Single by Juliana Kanyomozi

from the album Bits and Pieces
- Released: March 30, 2017
- Recorded: Michael Fingerz, (South Africa);
- Genre: R&B; reggae;
- Length: 3:16
- Label: Masters Music
- Songwriter(s): Esther Nabaasa
- Producer(s): Michael Fingerz

Juliana Kanyomozi singles chronology
| "Woman" (2015) | "I'm Still Here" (2017) | "Right Here" (2017) |

Music video
- "I'm Still Here" on YouTube

= I'm Still Here (Juliana Kanyomozi song) =

"I'm Still Here" is an R&B-reggae single by Ugandan singer and actress Juliana Kanyomozi. It was released on March 30, 2017. It is her second song to be released since the passing of her son Keron Raphael Kabugo in 2014. All production of the song, audio and video was done in South Africa.

==Background==
"I'm Still Here" was written by Esther Nabaasa and produced by Michael Fingerz. Produced at Masters Music. The song was released on Juliana’s official Youtube channel on March 30, 2017. The song basically celebrates a strong woman, who however much and longer they are weighed down by hardships, they still get up and move on.

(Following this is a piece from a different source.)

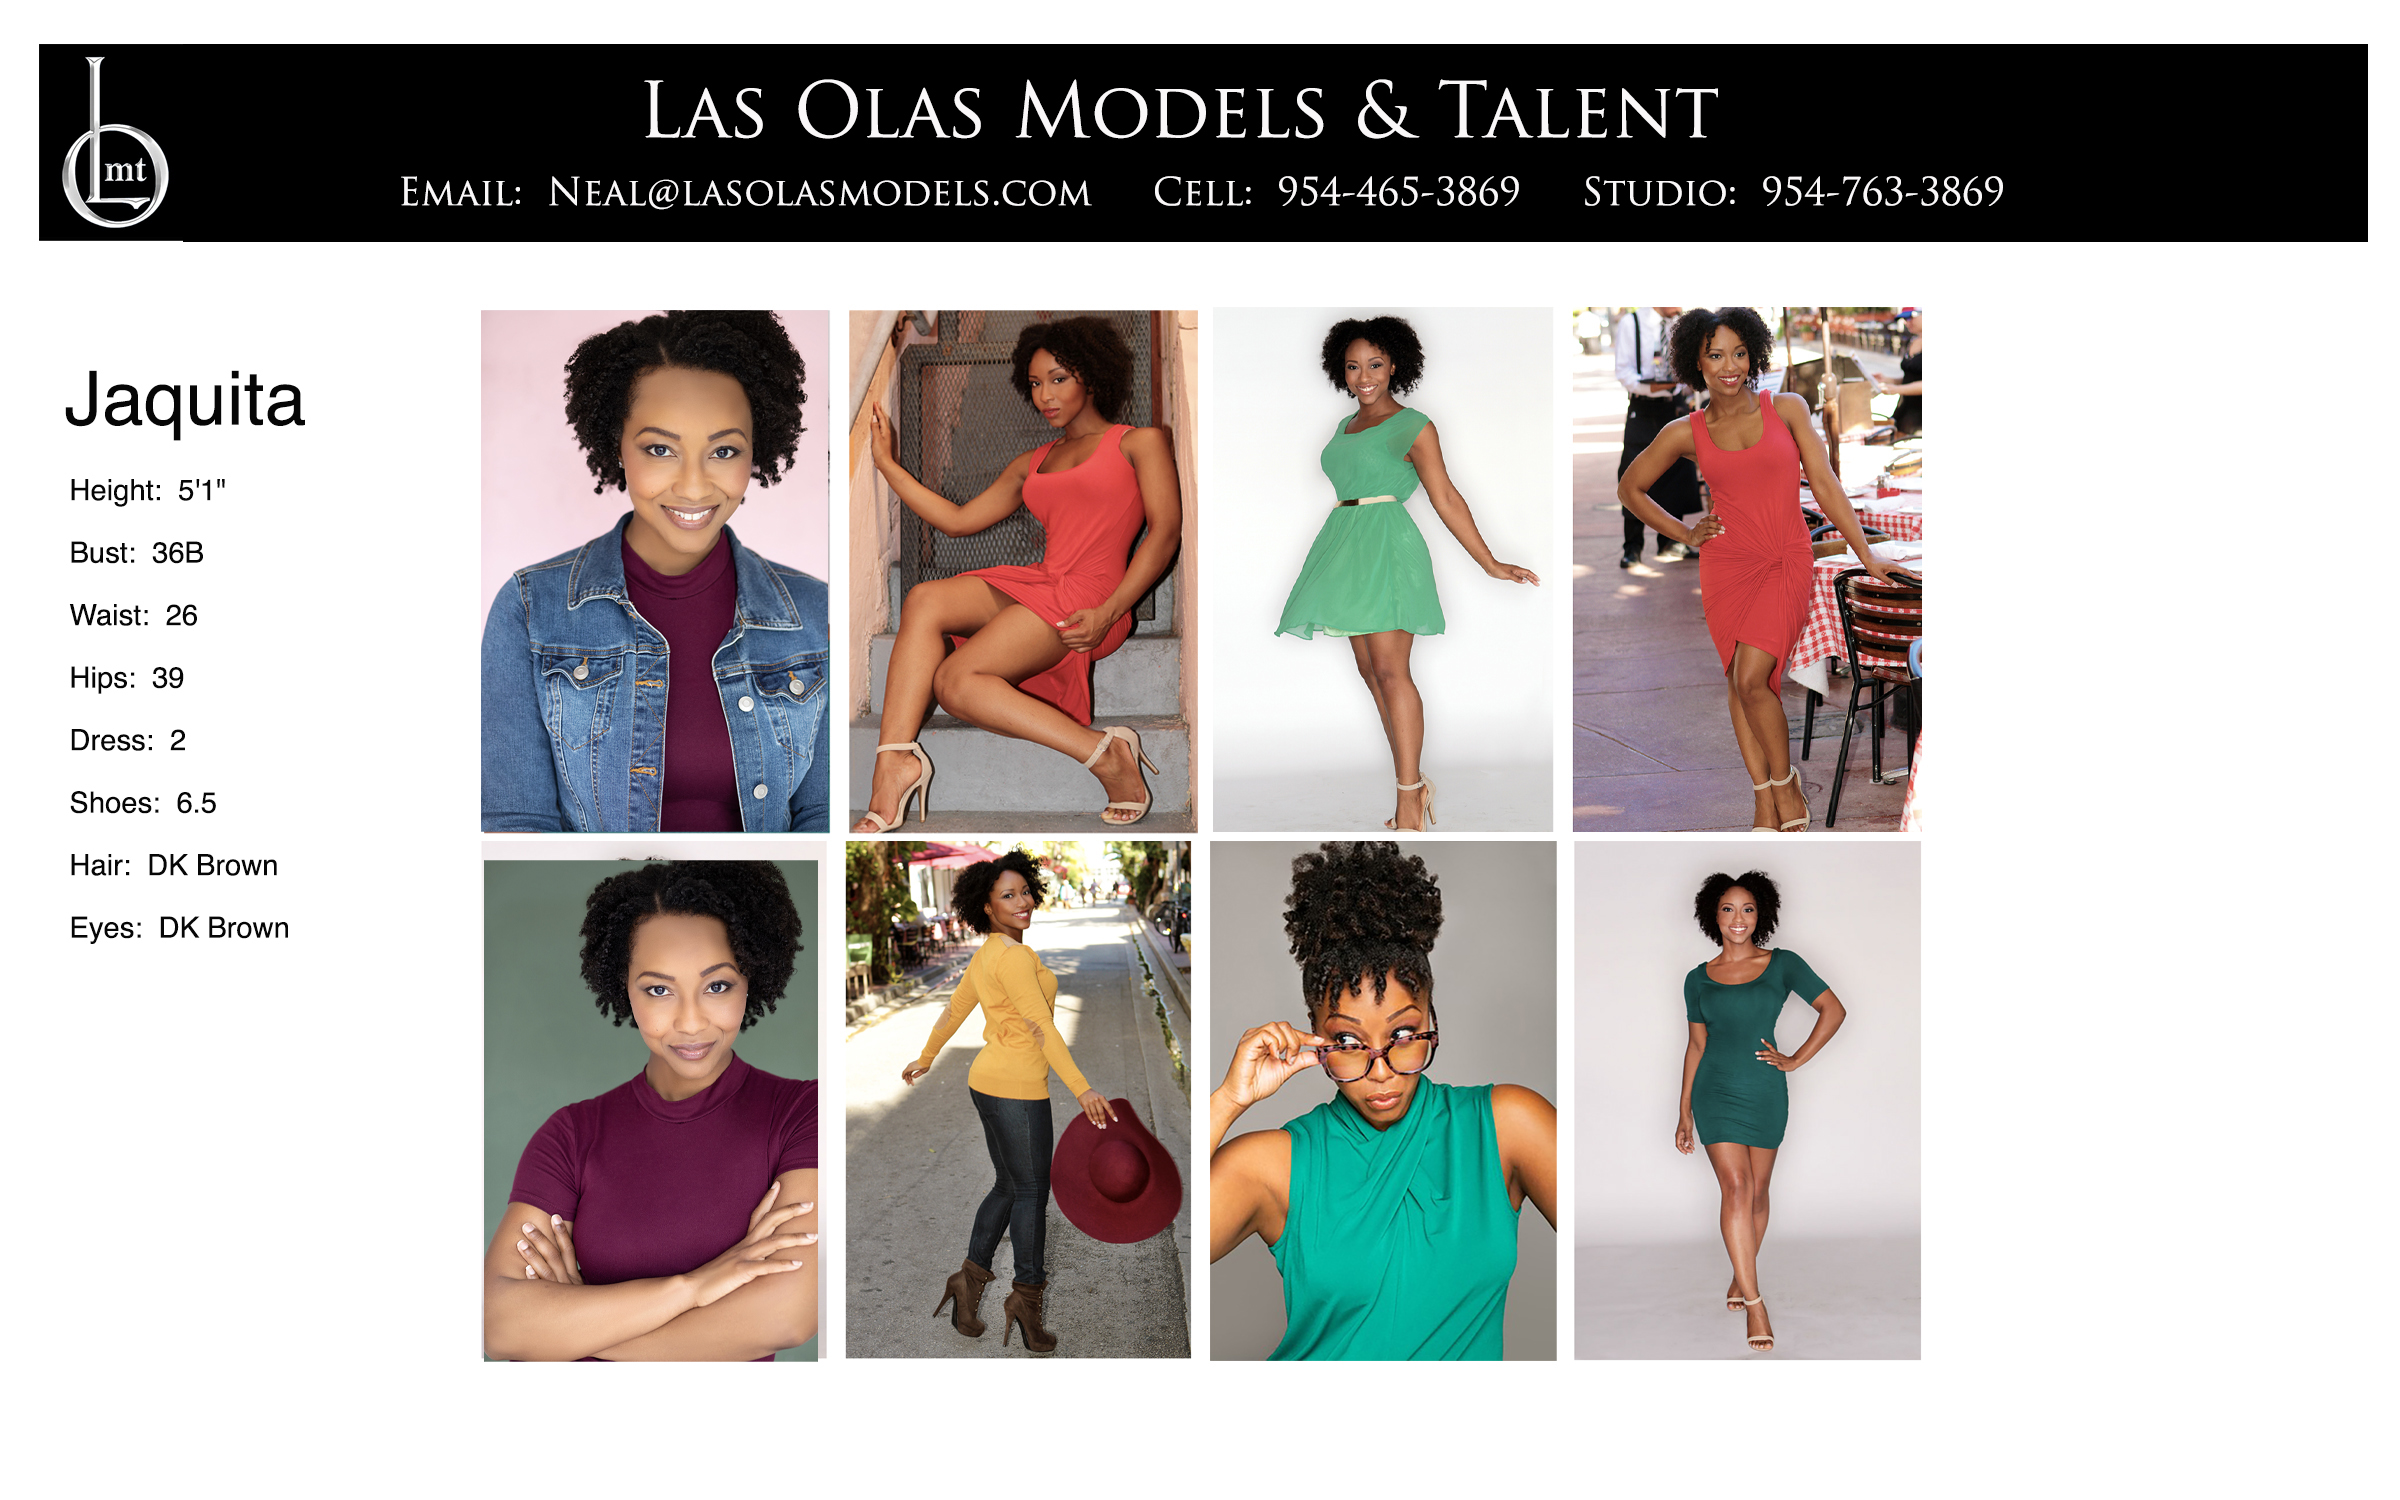 Model Fort Lauderdale Miami South Florida Print Commercial Video Promotion. Las Olas Models & Talent - Jaquita Comp

"I'm Still Here" is a song inspired by not only Juliana’s life, but by a multitude of experiences and challenges in general as well as the human power to overcome and conquer the insurmountable! …”
The lyrics portray someone who has gone through a lot of hardships but still stands strong which is a reflection to the singer’s own life after losing her one and only son back in 2014.

==Reception==
The song was well received because of its message but the video was negatively received by many Ugandans on social media who said that Juliana had plagiarized the video theme from Jennifer Lopez’s '"I Aint Your Mama'". Juliana, however, denied copying from Jenny during a radio interview, Celeb Select with Crystal Newman citing that she had never even watched Jennys I aint your mama. She continued to say that her video producer named Candice had written the script.

==Video==
The video was produced by Candice and directed by Justin Campos. It was shot on location in South Africa and features Juliana in different roles as a housewife mopping the floor and doing laundry. She also acts as a student in glasses, as a queen, as beauty pageant and as a gym freak woman.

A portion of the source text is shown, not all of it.